US 11,748,358 B2
Feedback on inferred sourcetypes
Adam Oliner, San Francisco, CA (US); Eric Sammer, San Francisco, CA (US); Kristal Curtis, San Francisco, CA (US); and Nghi Nguyen, Union City, CA (US)
Assigned to Splunk Inc., San Francisco, CA (US)
Filed by Splunk, Inc., San Francisco, CA (US)
Filed on Oct. 30, 2018, as Appl. No. 16/175,642.
Claims priority of provisional application 62/738,896, filed on Sep. 28, 2018.
Claims priority of provisional application 62/738,901, filed on Sep. 28, 2018.
Prior Publication US 2020/0104731 A1, Apr. 2, 2020
Int. Cl. G06F 16/245 (2019.01); G06F 16/2455 (2019.01); G06F 40/205 (2020.01); G06F 16/248 (2019.01); G06N 5/04 (2023.01)

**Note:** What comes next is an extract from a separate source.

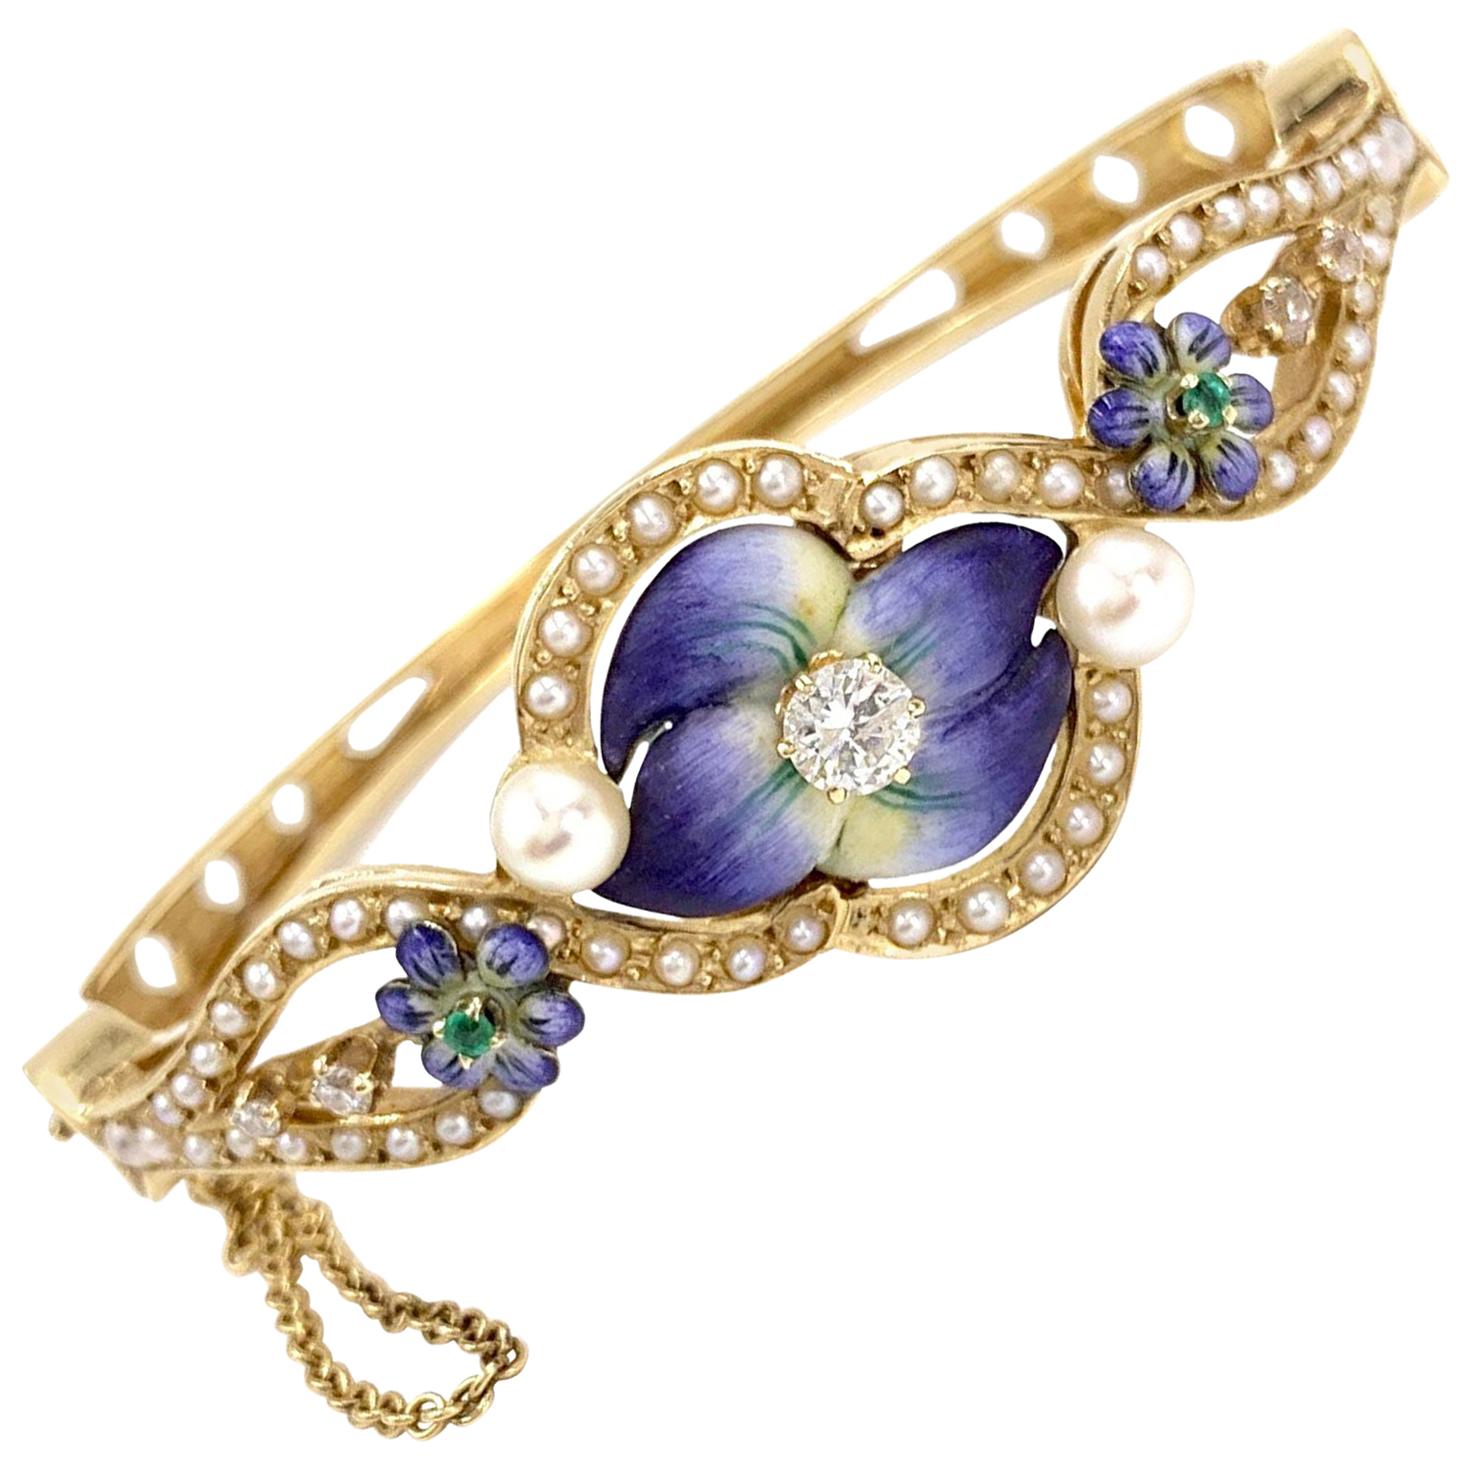 Enamel, Diamond, Pearl and Emerald Floral Bangle Bracelet

CPC G06F 16/24568 (2019.01) [G06F 16/248 (2019.01); G06F 16/24564 (2019.01); G06F 40/205 (2020.01); G06N 5/04 (2013.01)] 28 Claims
OG exemplary drawing
 
1. A computer-implemented method, comprising:
generating a representation of a portion of machine data of a message of a data stream, wherein the data stream is accessed from an ingestion buffer of a data system, the portion of machine data generated by one or more components in an information technology environment;
predicting, based at least on applying the representation of the portion of machine data to an inference model, a sourcetype of the message, wherein predicting the sourcetype of the message using the inference model efficiently processes the message via one or more system components by reducing processing time of the message having an absence of an associated sourcetype or an inaccurate sourcetype;
based on the sourcetype of the message, selecting a set of extraction rules associated with the sourcetype for extraction of a set of values from the message, wherein each extraction rule defines criteria for identifying a sub-portion of text from the portion of machine data of the message to produce a value of the set of values, the value representing the sub-portion of text;
executing the extraction based at least on applying the set of extraction rules to the portion of machine data of the message to produce a result set that indicates the set of values identified using the set of extraction rules; and
based on the sourcetype and the set of values indicated by the result set, executing at least one action that includes routing, via a router, one or more messages associated with the sourcetype from the data stream to one or more endpoints associated with the sourcetype, wherein the at least one action is based at least in part on comparing a number of fields of the result set identified using the set of extraction rules to a number of fields associated with the sourcetype, and wherein at least one endpoint comprises a field-searchable data store and the message is stored in the field-searchable data store as an event that is accessed from the field-searchable data store responsive to a search query containing a criterion for a field being executed against the event in the field-searchable data store to cause comparison between the criterion and values extracted from the event by an extraction rule defining the field.